Die Suche nach Arzneimittelkandidaten basiert hauptsächlich auf dem experimentellen oder numerischen Screening der größtmöglichen Anzahl von Molekülen, von denen angenommen wird, dass sie therapeutische Eigenschaften besitzen könnten. Bei einem experimentellen Screening bestimmt die Anzahl der für biologische Tests verfügbaren Moleküle den Bereich des Screenings, einen Bereich, der durch ein virtuelles Screening auf "theoretische" chemische Systeme erweitert werden kann.
Die Anzahl und die therapeutische Leistung der Moleküle, die biologische Tests erfolgreich bestehen können, hängen im Wesentlichen vom durchgescreenten "chemischen Raum" ab: Je größer die Molekülbank in Bezug auf Größe und chemische Vielfalt ist, desto effektiver ist das Screening.

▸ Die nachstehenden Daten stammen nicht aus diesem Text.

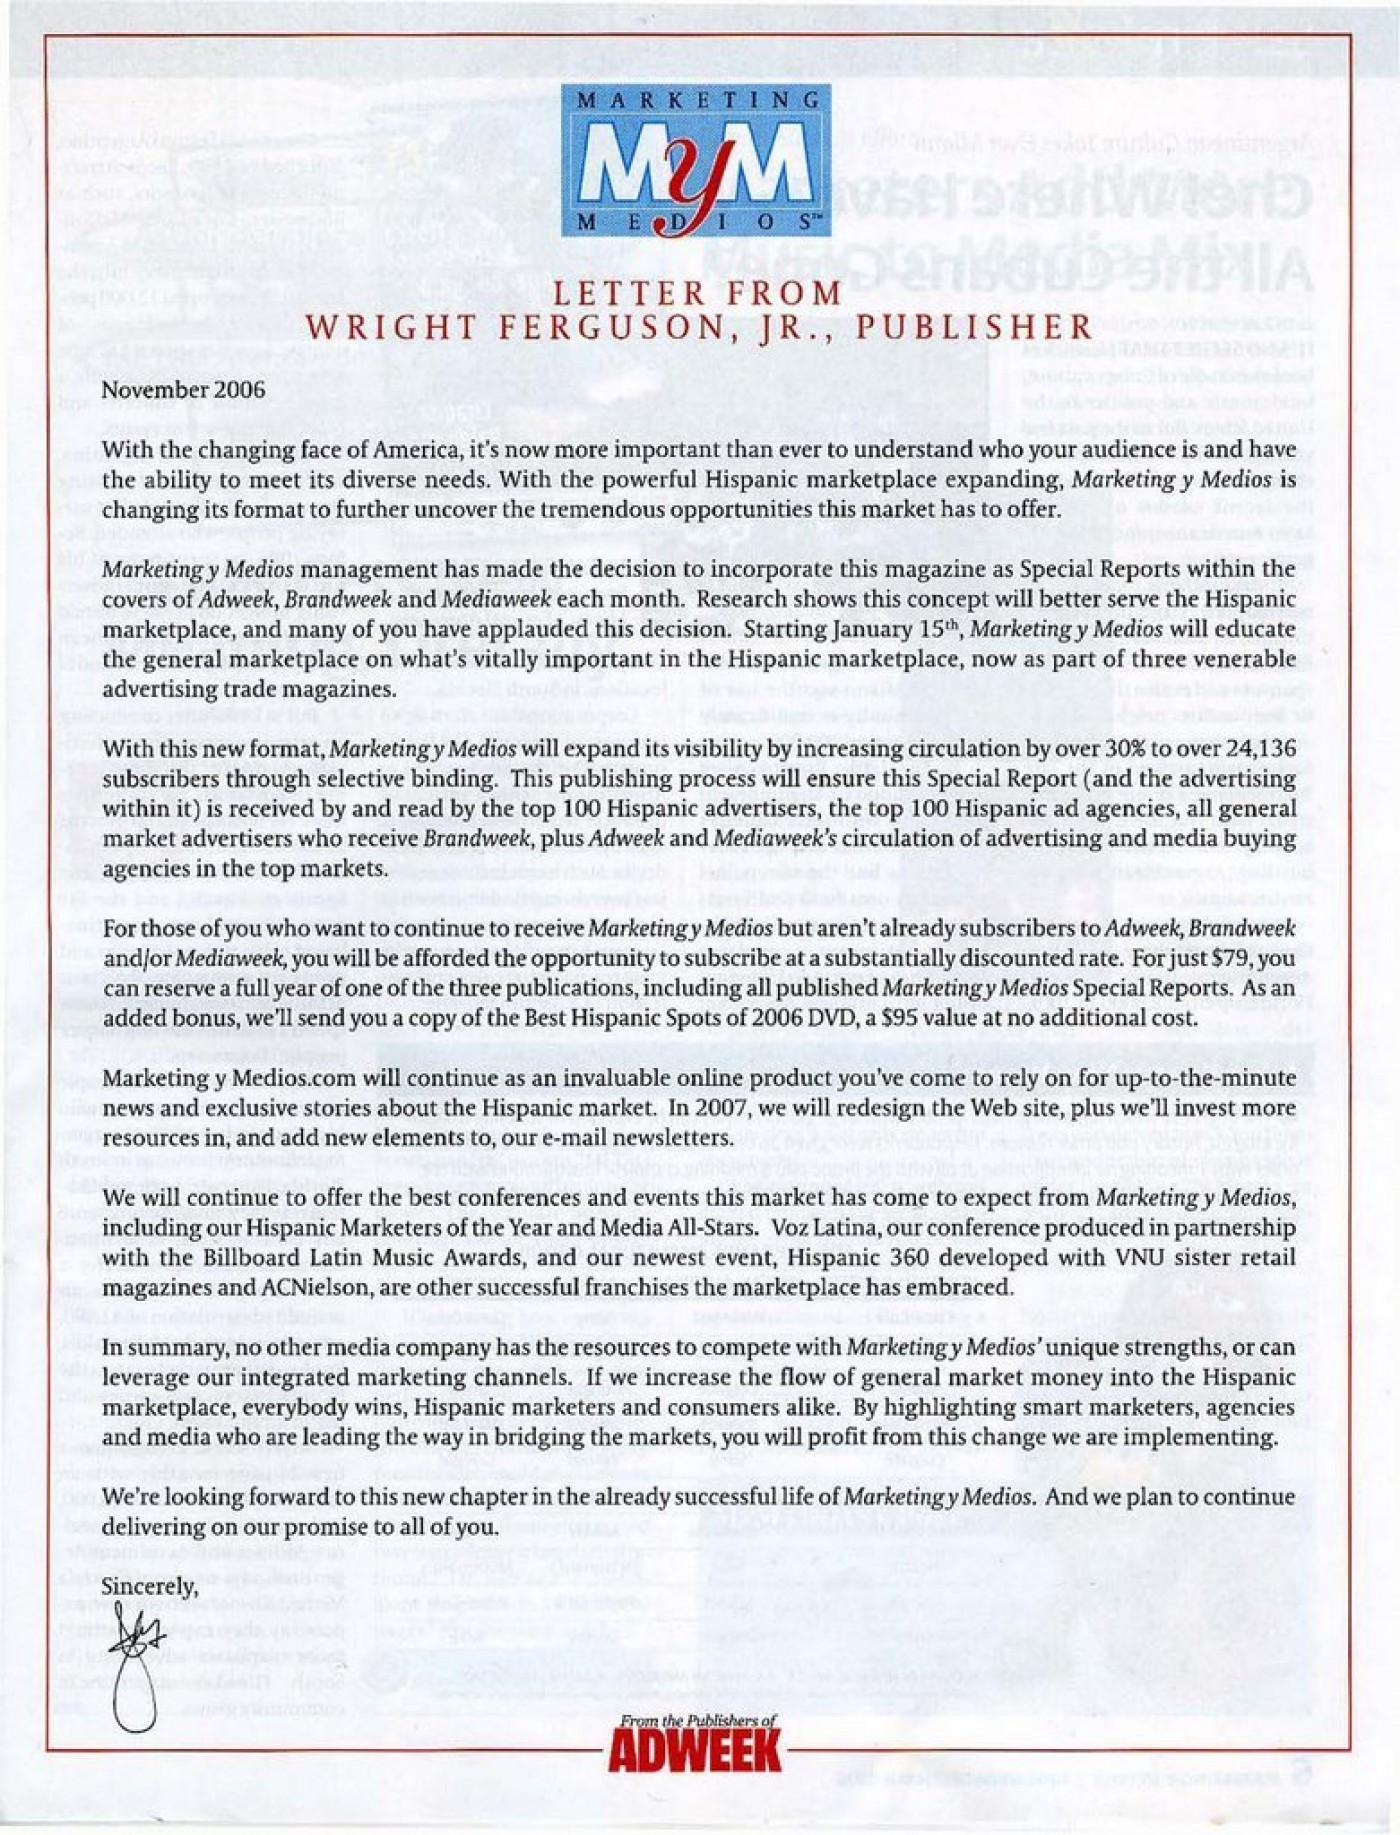 025 Mym Publisher Essay Example Njhs Unique Conclusion 1400
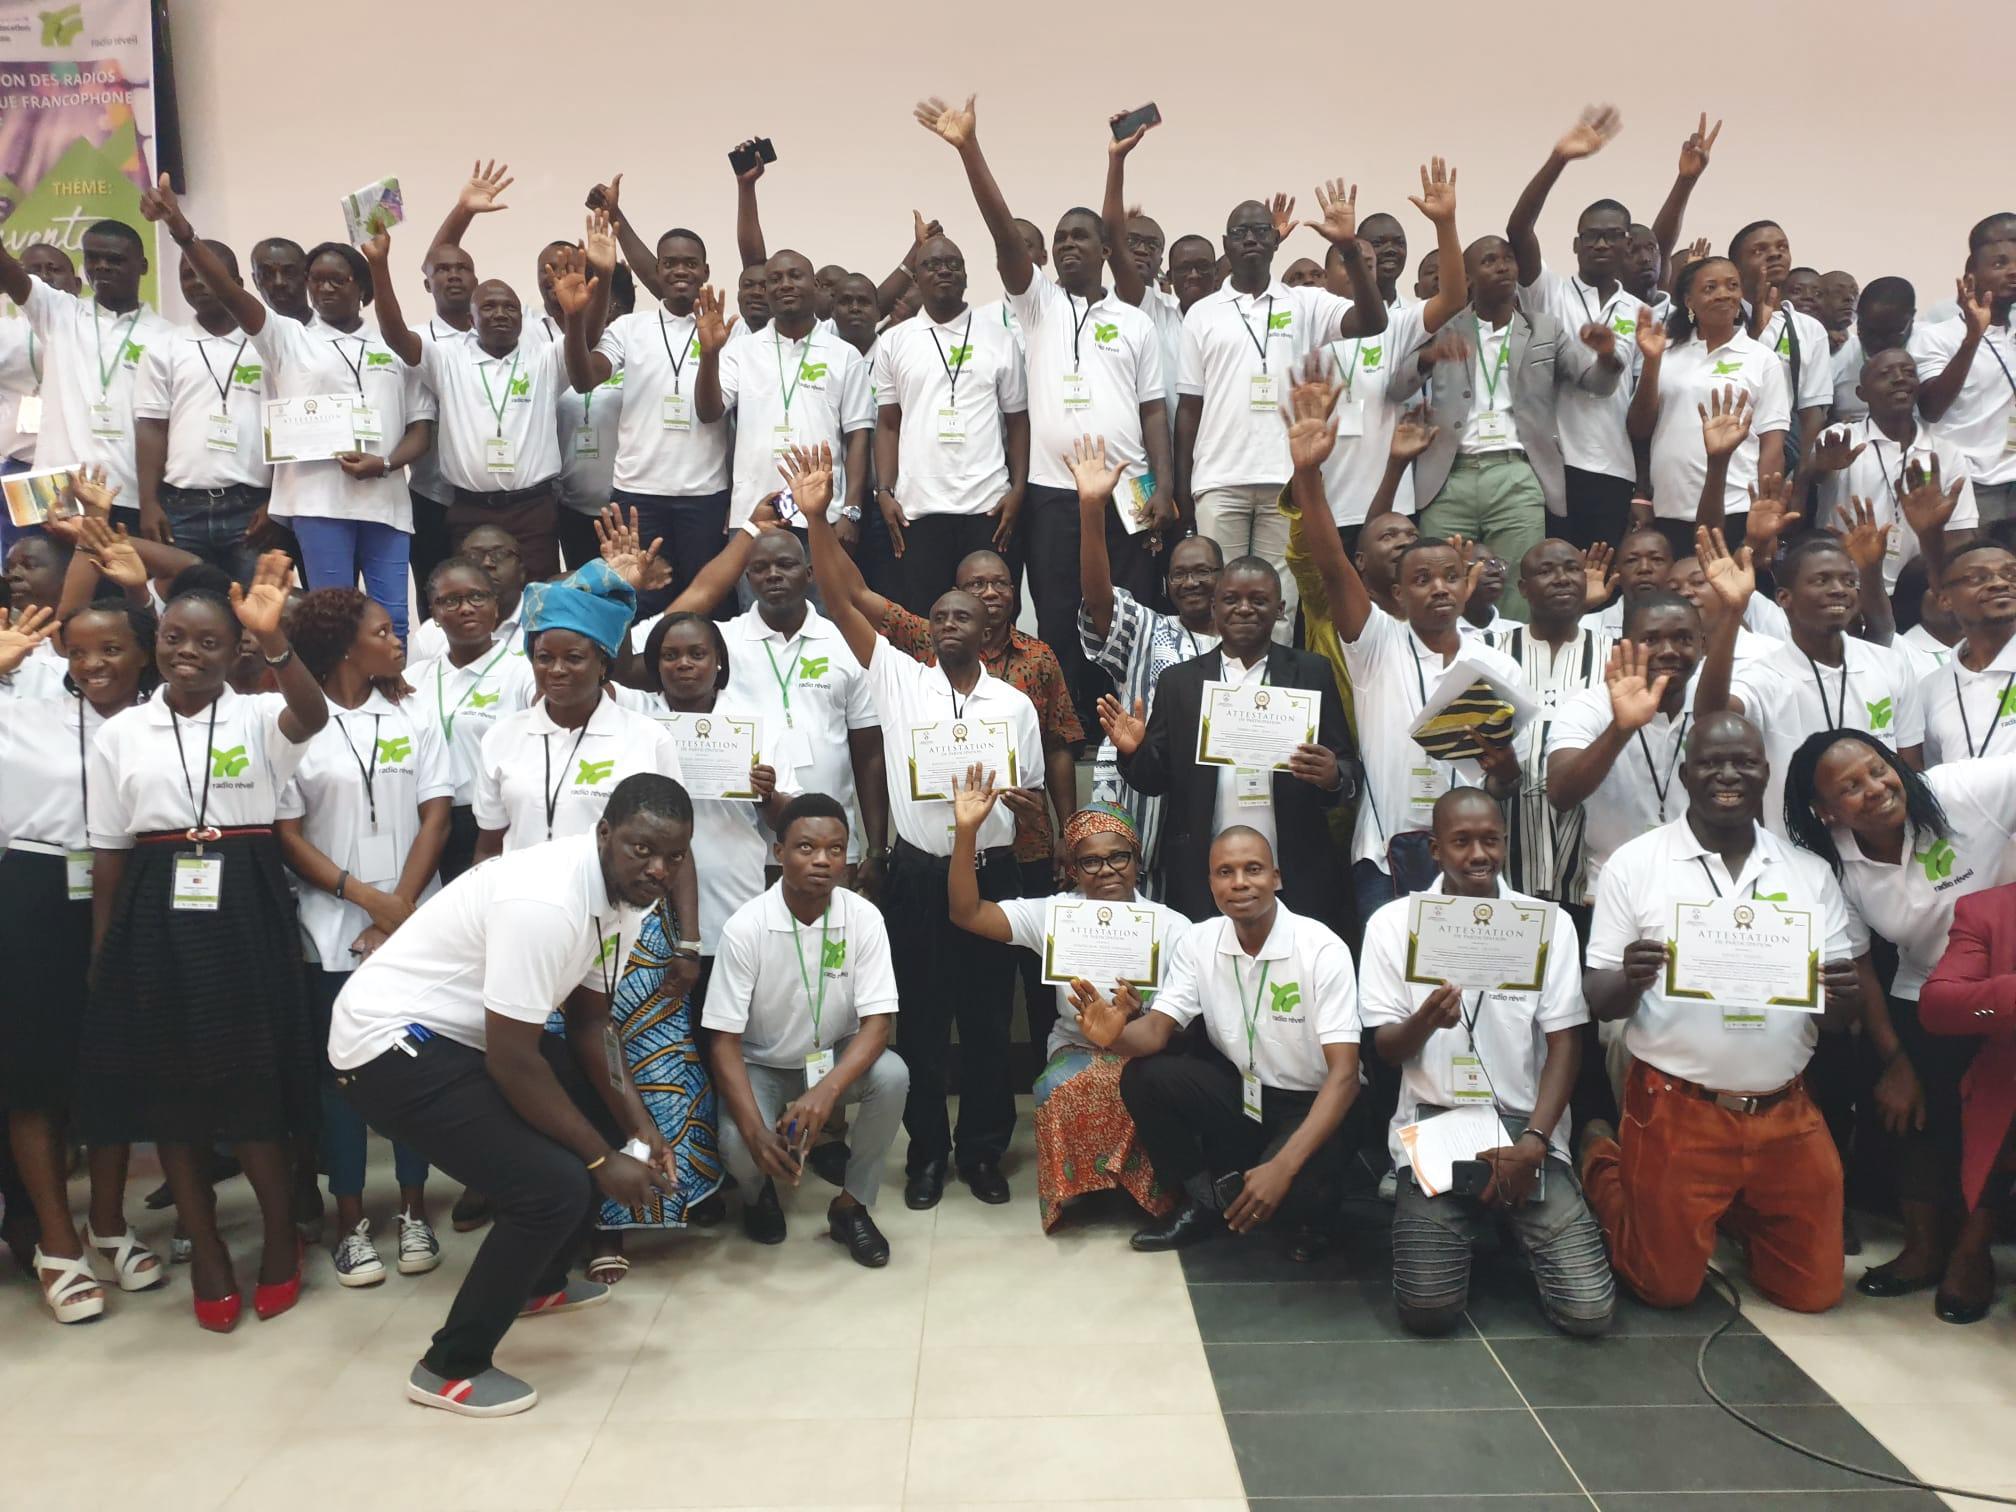 Afrique francophone: Lomé 3, le rassemblement des acteurs de médias chrétiens, aura lieu du 23 au 27 novembre

Wissenschaftler des Labors für therapeutische Innovation (CNRS-Universität Straßburg) haben gerade besonders effektive Inhibitoren von therapeutisch relevanten Proteinen entwickelt, indem sie virtuell extrem breite theoretische chemische Räume (bis zu 5 Milliarden Moleküle) durchsuchten. Die von ihnen entwickelte Screening-Methode hat es ihnen ermöglicht, bisher fünfzehn Arzneimittelkandidaten zu identifizieren, deren Synthese und biologische Bewertung sie durchgeführt haben.
Diese innovative Herangehensweise, genannt "SpaceDock", beginnt mit der Identifizierung und Lokalisierung der aktiven Stellen des Proteins, mit denen die Inhibitoren interagieren könnten. Für den Dopamin D3-Rezeptor konnten so 135.000 kommerzielle chemische Reagenzien ausgewählt werden, die sich an dieser aktiven Stelle anlegen können.
Die Wissenschaftler berücksichtigten anschließend die topologischen Einschränkungen der dreidimensionalen Struktur des Proteins, um ihnen unter diesen Reagenzien jene zu zeigen, die nah genug kommen können, um zu interagieren und neue Moleküle zu formen... Hunderte Milliarden solcher Annäherungen sind möglich, deren Ergebnisse können durch die Anwendung von Verfahren für 40 „klassische“ Reaktionen der organischen Chemie vorhergesagt werden. Die größte jemals erstellte Screening-Bibliothek!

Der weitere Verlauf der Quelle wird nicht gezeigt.